* _WHAT THIS TASK INVOLVES_
Repeat the listing below in full and exactly, but without its pictures.

* _EXERCISE DATA_
···

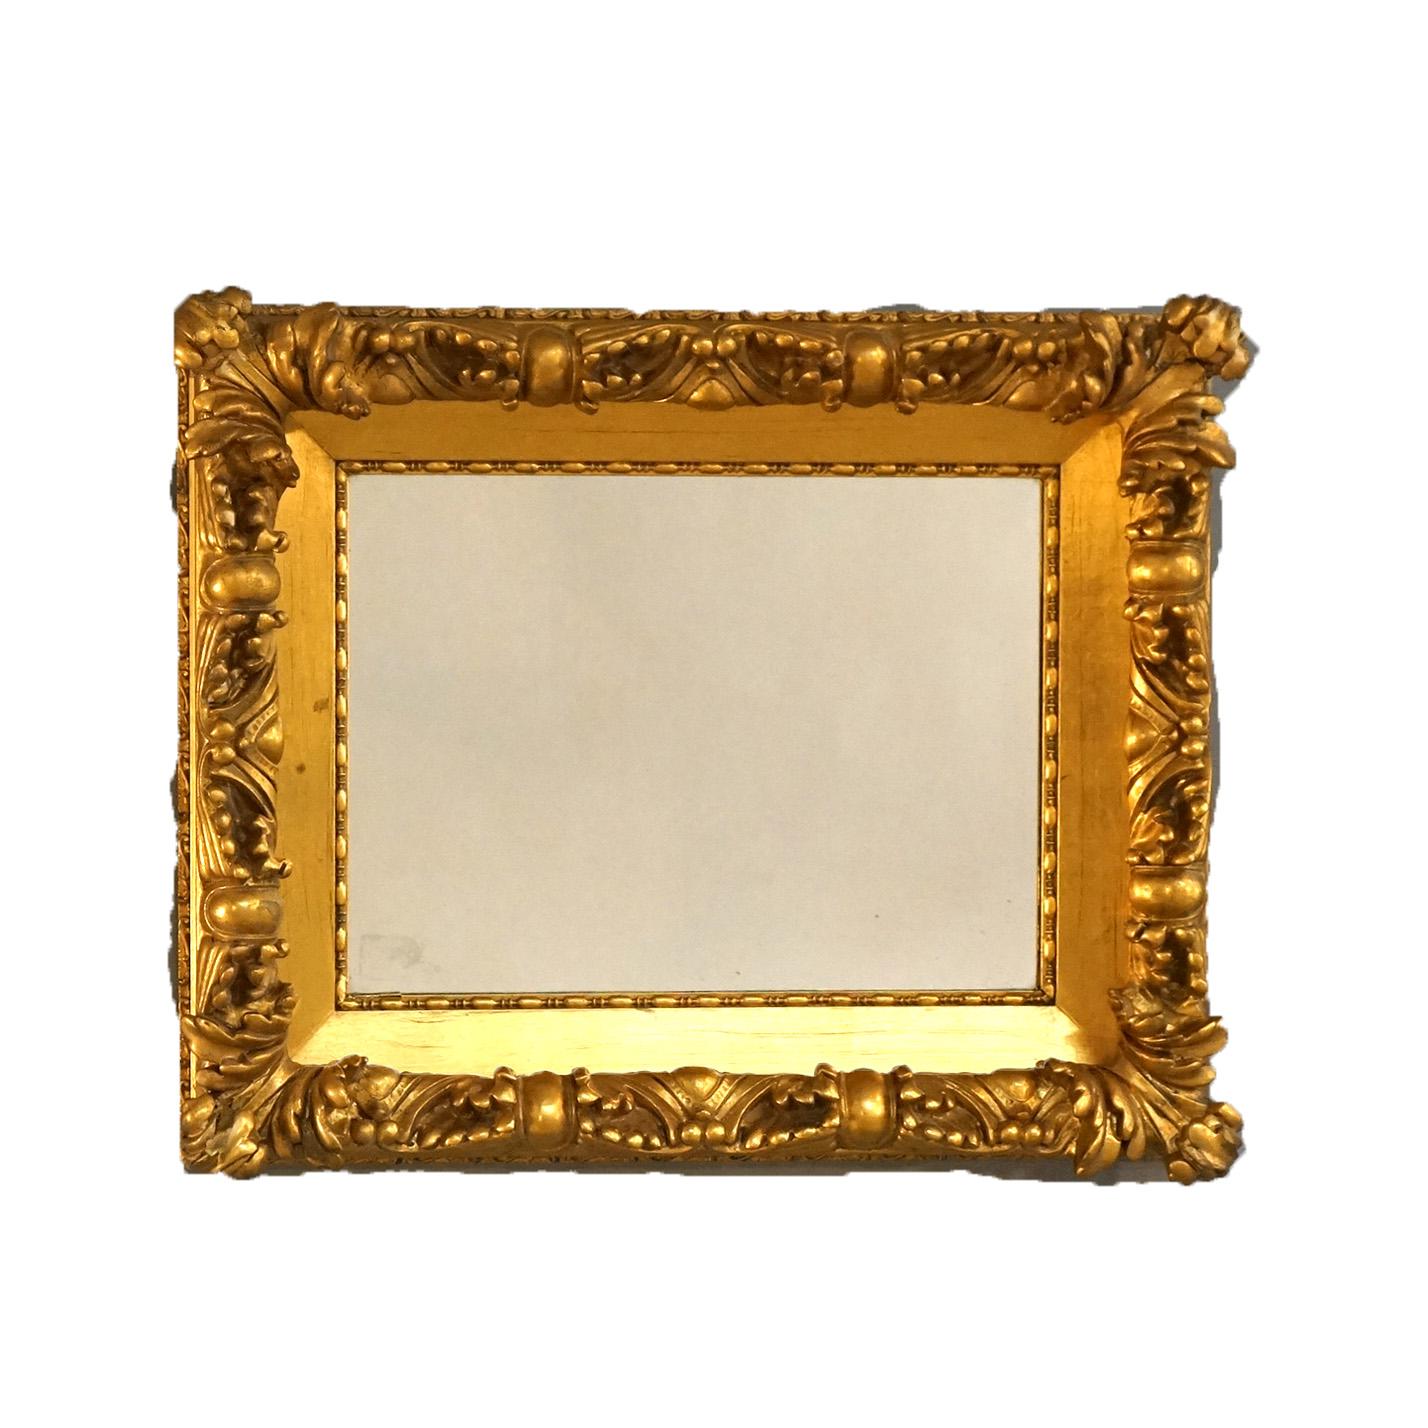 Antique Victorian Foliate Carved Giltwood Framed Wall Mirror C1890

Measures- 17.75''H x 21.5''W x 3.75''D; 14.5'' x 10.75'' sight
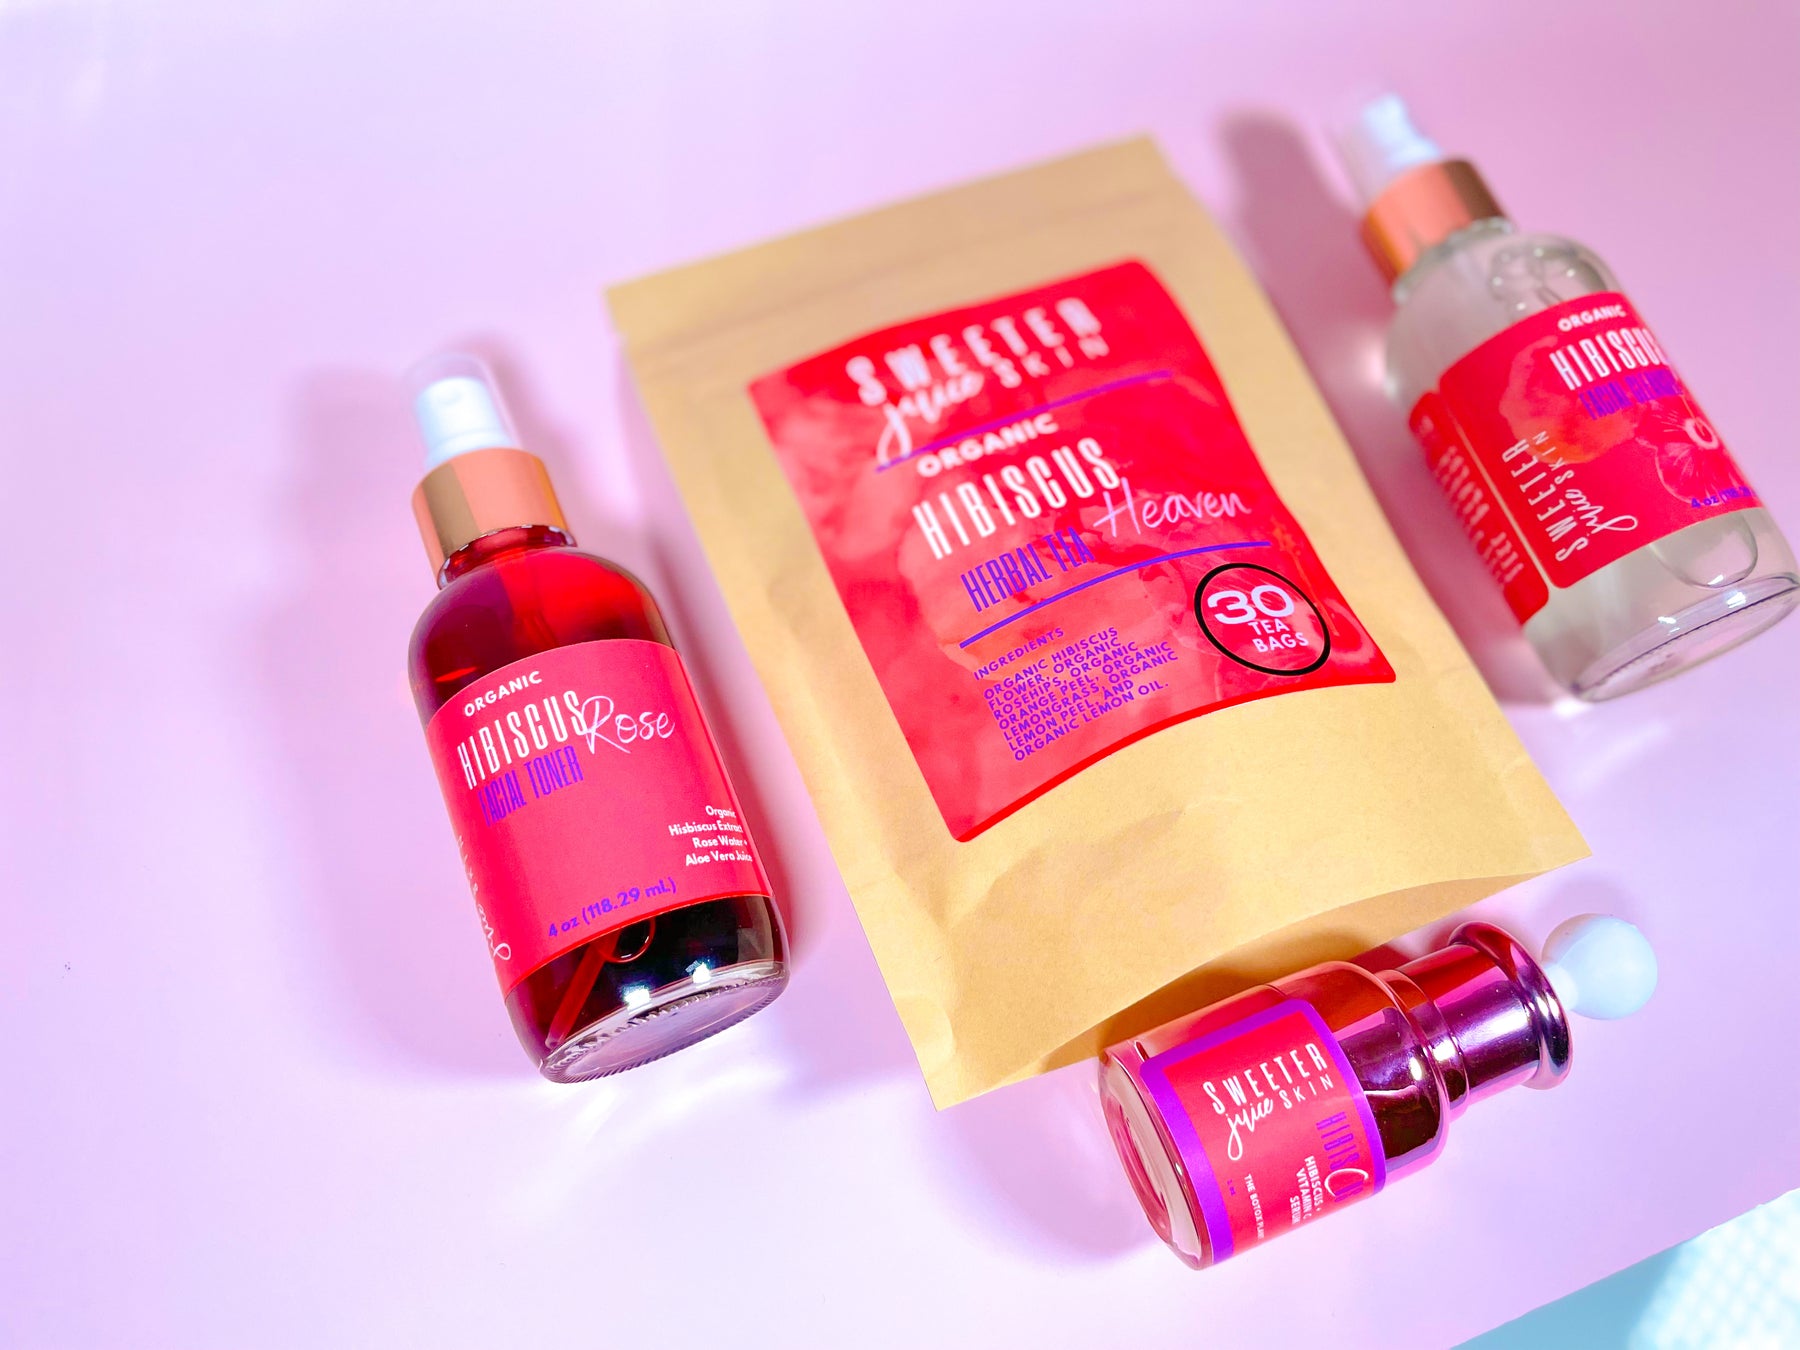 Hibiscus inner + outer beauty system by Sweeter Juice Skin
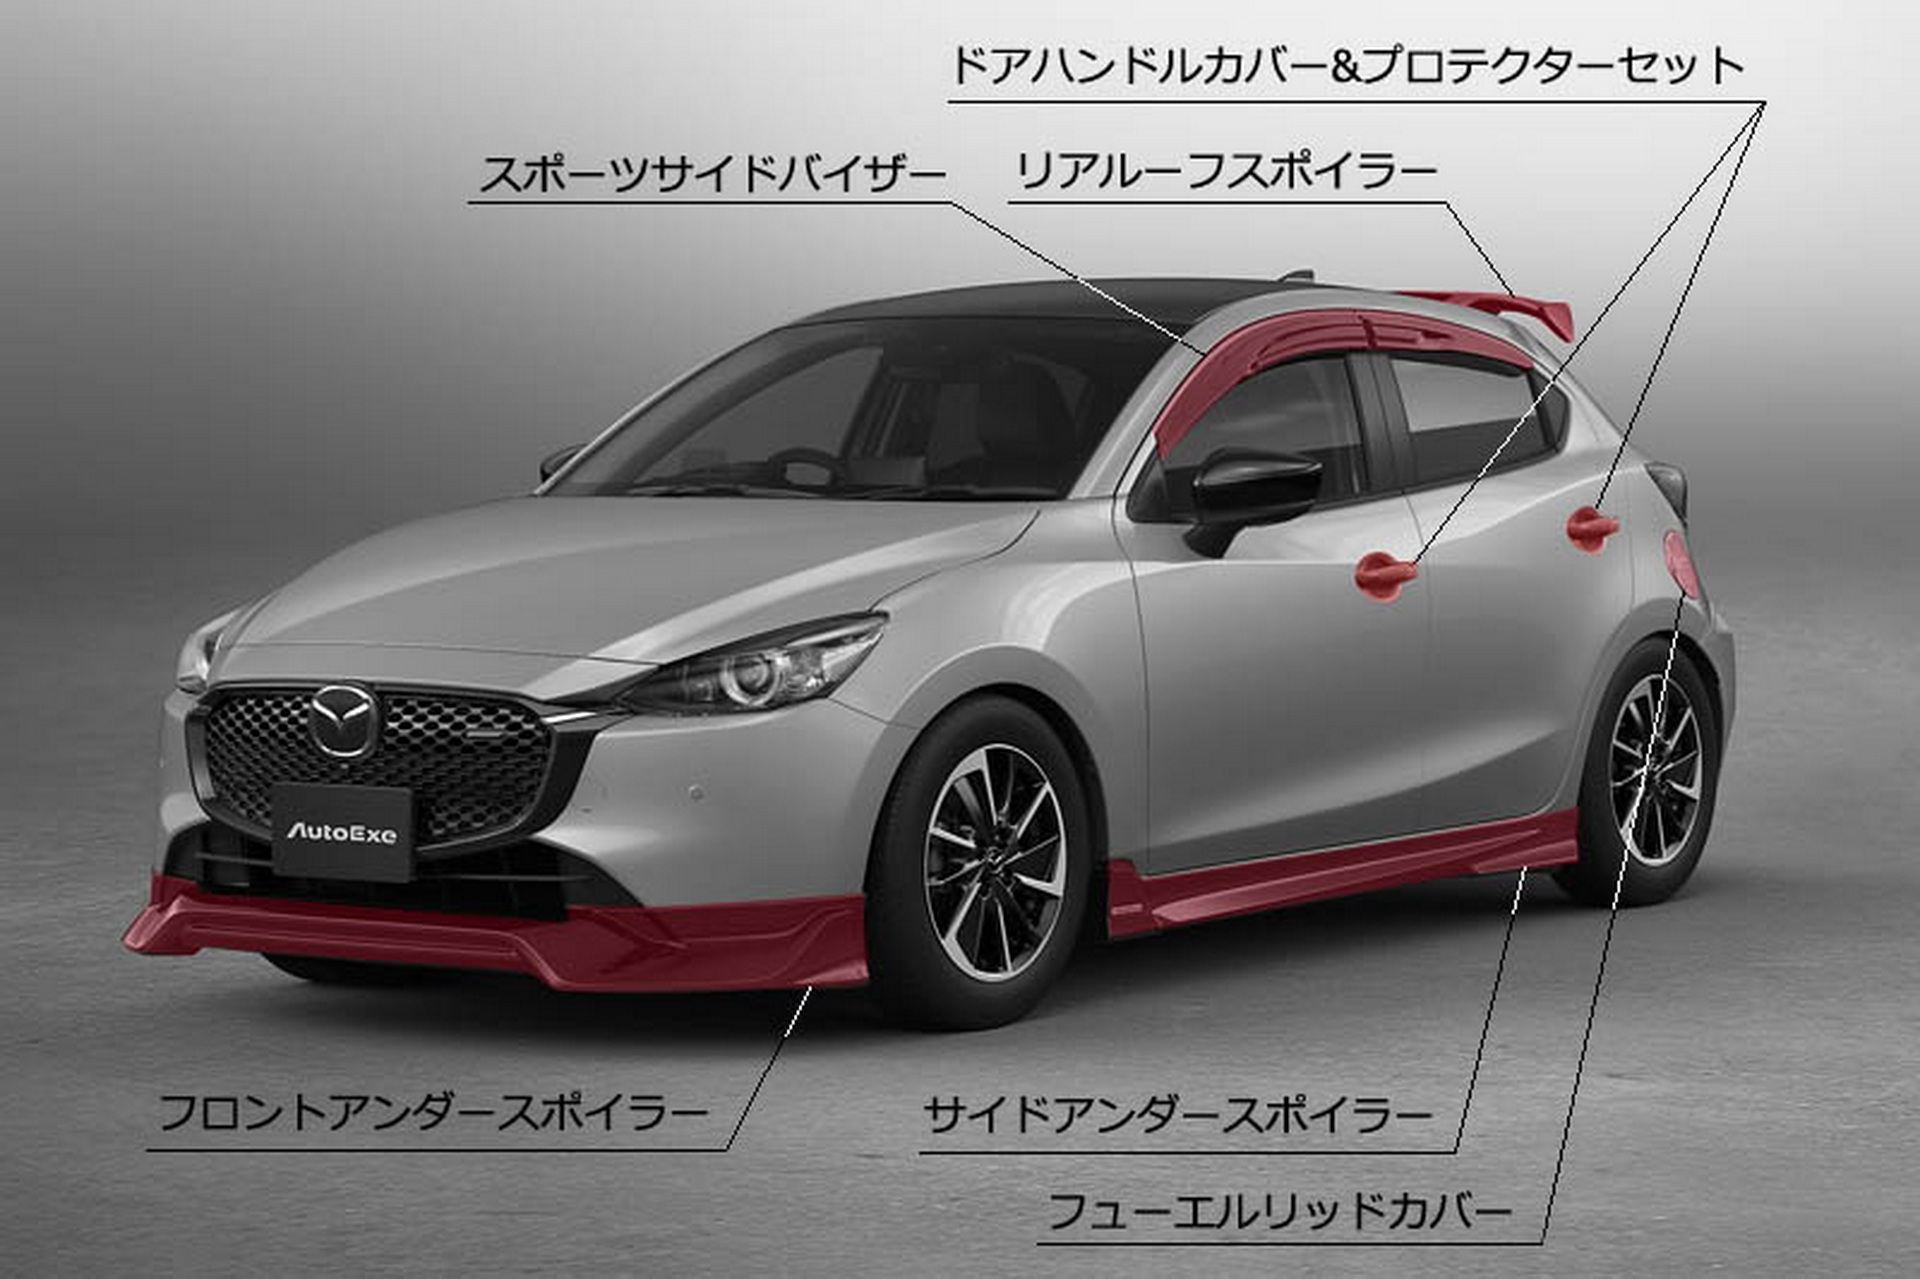 https://www.carscoops.com/wp-content/uploads/2023/01/Mazda2-by-Exe-Auto-1.jpg

···

* _FINAL ANSWER_
 Antique Victorian Foliate Carved Giltwood Framed Wall Mirror C1890

Measures- 17.75''H x 21.5''W x 3.75''D; 14.5'' x 10.75'' sight
 Hibiscus inner + outer beauty system by Sweeter Juice Skin
 https://www.carscoops.com/wp-content/uploads/2023/01/Mazda2-by-Exe-Auto-1.jpg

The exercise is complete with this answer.